## [Your goal]
In the records that follow, find the line with "Mini sleeveless dress"; from there, retype every line exactly through the line with "Vietnam’s Bamboo Airways", which also belongs to the answer.

## [Data section]
══════
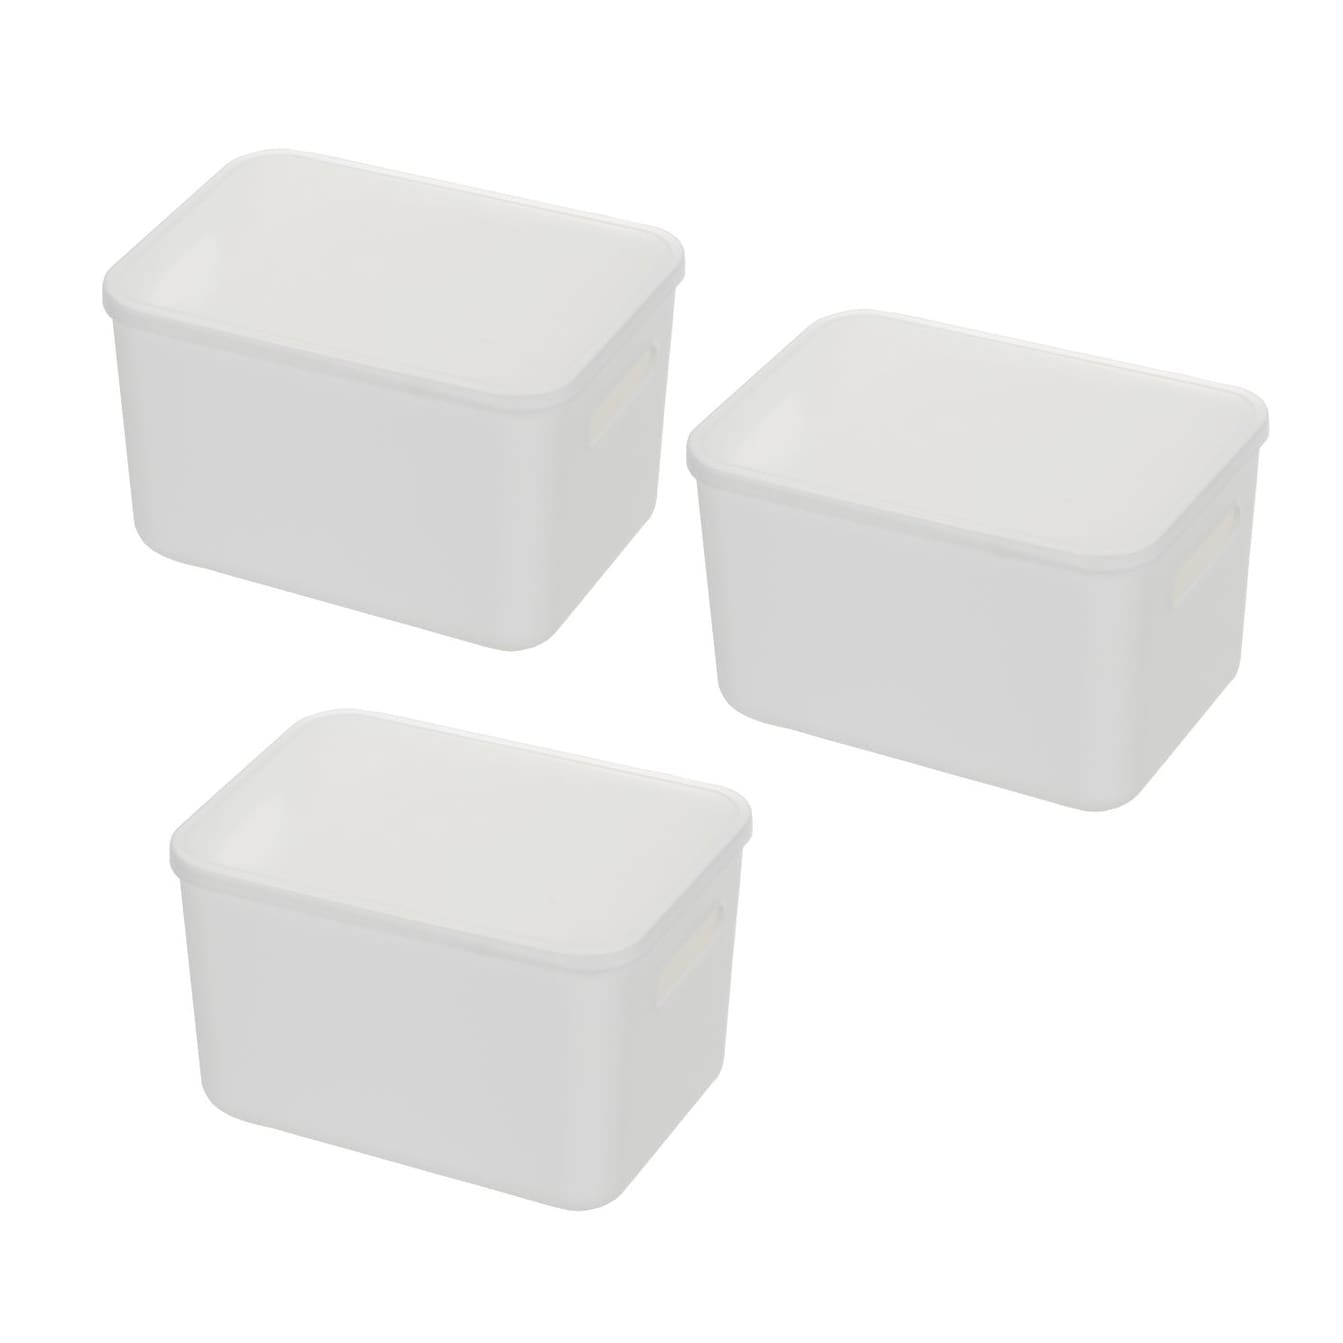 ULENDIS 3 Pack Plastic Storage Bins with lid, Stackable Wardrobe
══════
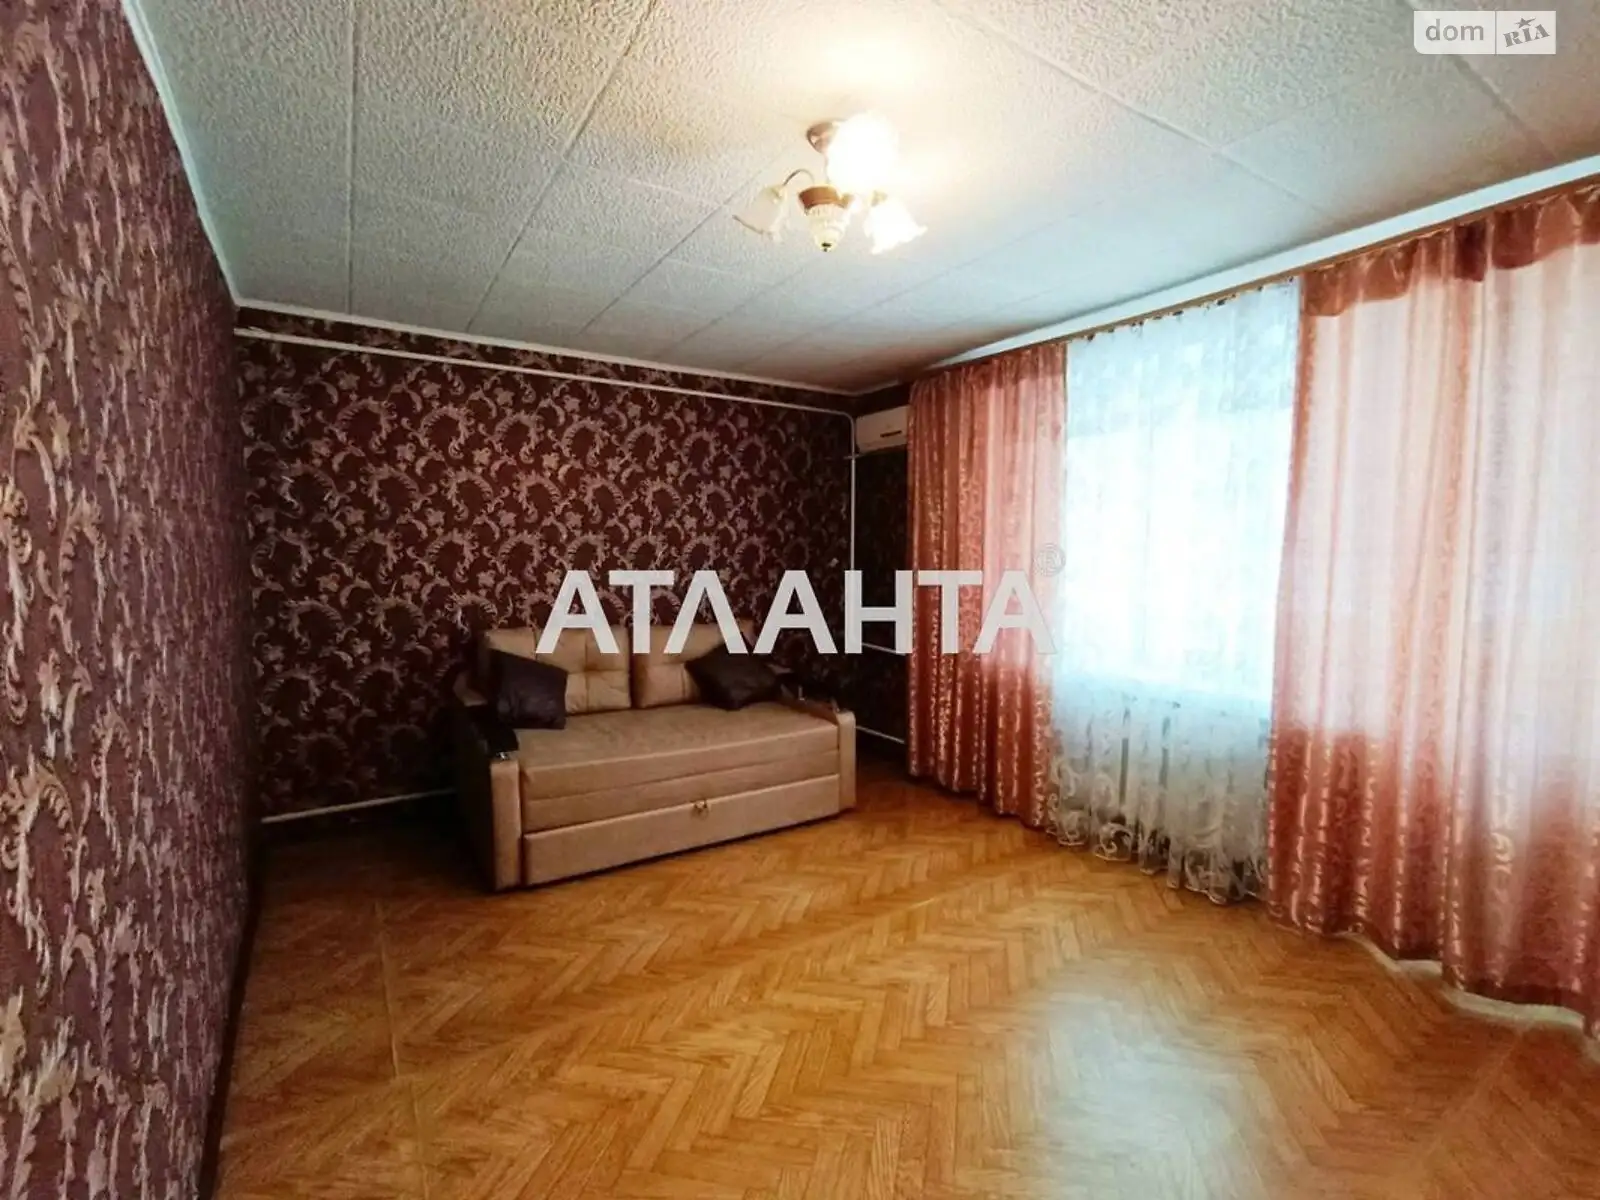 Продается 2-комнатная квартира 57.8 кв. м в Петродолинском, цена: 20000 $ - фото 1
══════
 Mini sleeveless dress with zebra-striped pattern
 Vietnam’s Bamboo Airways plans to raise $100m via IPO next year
══════
## [Response box]
 Mini sleeveless dress with zebra-striped pattern
 Vietnam’s Bamboo Airways plans to raise $100m via IPO next year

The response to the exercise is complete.